Au Cameroun, de jeunes étudiants participent à la lutte contre le changement climatique et la déforestation en transformant des ordures en « charbon Bio».
A seulement 27 ans, Nandou Tenkeu Müller est déjà porteur d’un projet innovant. Le jeune camerounais est le promoteur de Kémit Ecology, une structure spécialisée dans la transformation des déchets ménagers en charbon écologique. Une première au Cameroun ! Avec sa petite équipe constituée uniquement d’étudiants, le jeune entrepreneur s’est établit près de la mangrove à Youpwé, un quartier périphérique de la ville de Douala, la capitale économique. Ici, pas de grands équipements pour matérialiser le laboratoire où s’opère la transformation. Juste un conteneur et une grande cour. Mais le processus, en amont, commence par la phase de la collecte.
Les jeunes écument au quotidien des dépotoirs d’ordures et des espaces marchands de la ville. Ils y amassent des tonnes d’épluchures de banane, de plantain, des épis de maïs, des résidus de canne à sucre, de rotin, des herbes, entre autres. De retour à Youpwé, les déchets sont déversés à même le sol ou sur des tôles, devant le conteneur. Le séchage dure environ quatre jours, jusqu’à ce que les détritus perdent 99% de leur eau, apprend-on. Il faut bien retourner de temps en temps. La phase suivante, c’est la carbonisation. Les déchets secs sont versés dans des fours de carbonisation. Il s’agit en fait de vieux fûts qui ont été recyclés et adaptés pour le processus.
« On obtient une poudre noire de charbon qui passe au conditionnement dans un compacteur », explique Müller.

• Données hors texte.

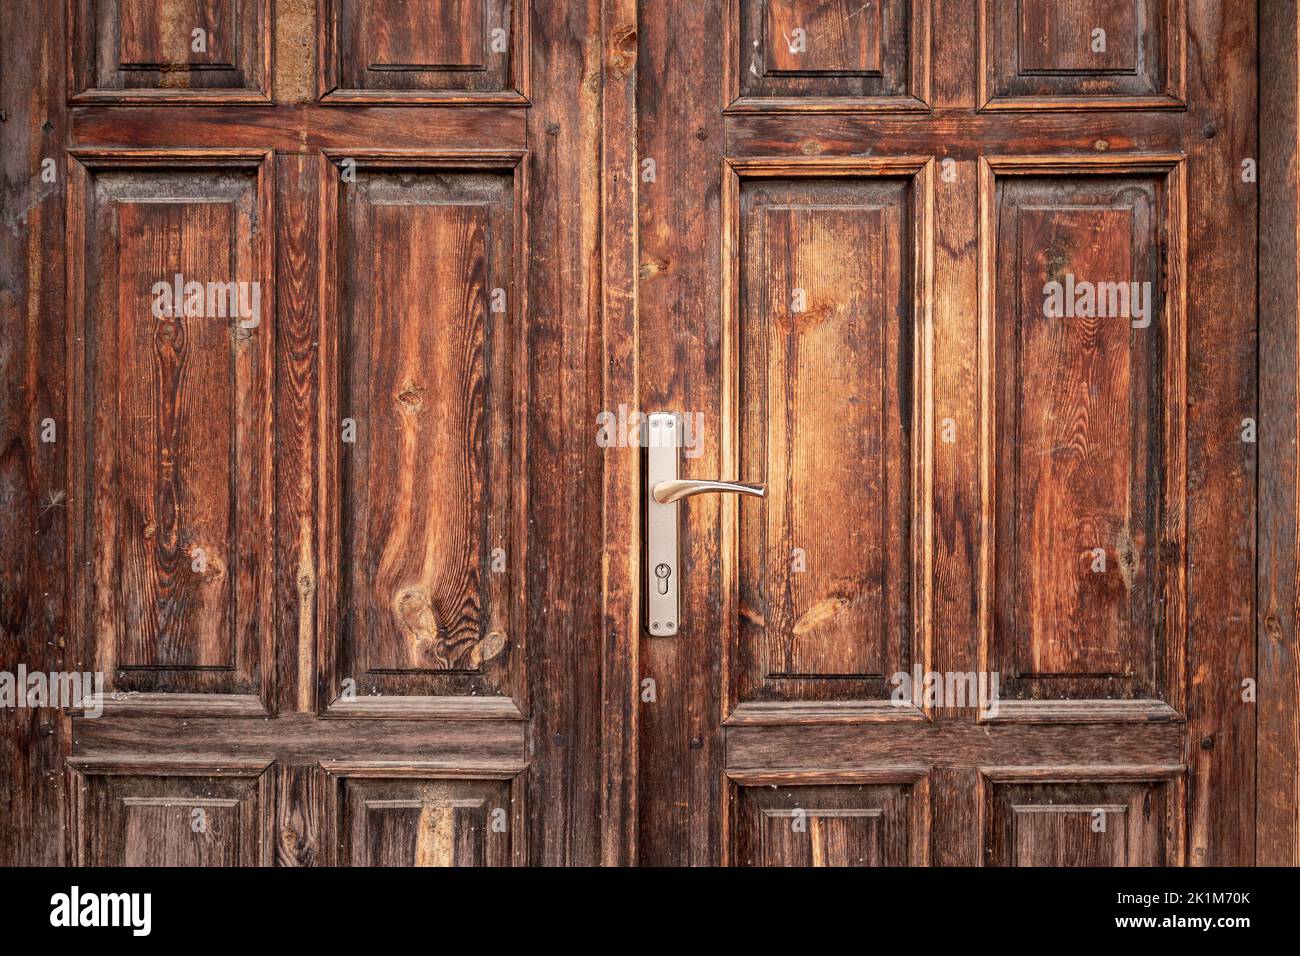 Antico, rustico, classico, marrone, porta in legno con maniglia in ferro. Texture e sfondo delle porte. Foto di alta qualità Foto Stock

Cet autre appareil de fortune donne forme aux morceaux de charbon qui sont exposés au soleil pour solidification. Le charbon écologique est prêt à l’usage.
Préserver la mangrove
D’après Nandou Tenkeu Müller, par ailleurs doctorant en Ecologie Biodiversité et Environnement à l’université de Douala, le charbon écologique ou charbon Bio ainsi obtenu est un produit biologique, écologique, non toxique, non Ogm.
« Il ne fume pas, n’est pas toxique. Il est issu des déchets ménagers organiques biodégradables, ne noircit pas la marmite, brûle bien, ne pollue pas l’environnement ».
Le promoteur du charbon écologique au Cameroun soutient qu’il s’agit là, d’une puissante alternative au bois de chauffage, au charbon naturel et au gaz domestique. Il fait aussi savoir que son initiative permet en outre de préserver la mangrove. En effet, l’emplacement de Kémit Ecology près de la mangrove n’est pas fortuit. « Nous nous sommes installés près de la mangrove parce que nos fumées qui sont issues de la carbonisation ou pyrolyse contiennent du Co2 qui est capté par les feuilles des arbres de la mangrove comme les rhizophora et les Avicennia pour effectuer la photosynthèse et nous redonner de l’oxygène. Notre projet permet aussi de protéger les bois de la mangrove contre l’exploitation au fin de charbon», explique Nandou Tenkeu Müller.
Selon les environnementalistes, la mangrove est en effet menacée de disparition au Cameroun. Le projet innovant qui participe de la préservation de cet écosystème est né en 2012 à l’université de Douala, où un groupe de jeunes étudiants développe le concept au sein du club Ecologie. Ils prennent part ensuite à plusieurs symposiums et salons. En 2014, ils reçoivent un appui technique et financier de la Fondation camerounaise de la terre vivante (Fctv). Ils portent ainsi leur production mensuelle à une tonne de charbon et vendent le kilogramme à 500 F. Cfa (environ 0,76 Euro) aux ménagères.
Charbon écologique sur le marché au Cameroun
Les fabricants du charbon écologique au Cameroun confient qu’ils font face à plusieurs difficultés. Il y a notamment l’absence d’un fonds de roulement et des problèmes d’appareillages. Mais l’avenir s’annonce plutôt radieux pour Nandou Tenkeu Müller et ses compagnons. L’équipe a été invitée à participer à la Cop 21 (Conference des parties sur les changements climatiques) à Paris en France, en novembre-décembre 2015. Le projet y a été présenté à des investisseurs. De nombreux contacts et partenariats avec des Camerounais de la diaspora et des entrepreneurs étrangers ont ainsi été décrochés. Après la réussite de la phase expérimentale du projet, une grande sortie du charbon écologique sur le marché au Cameroun et peut-être à l’international est déjà envisageable.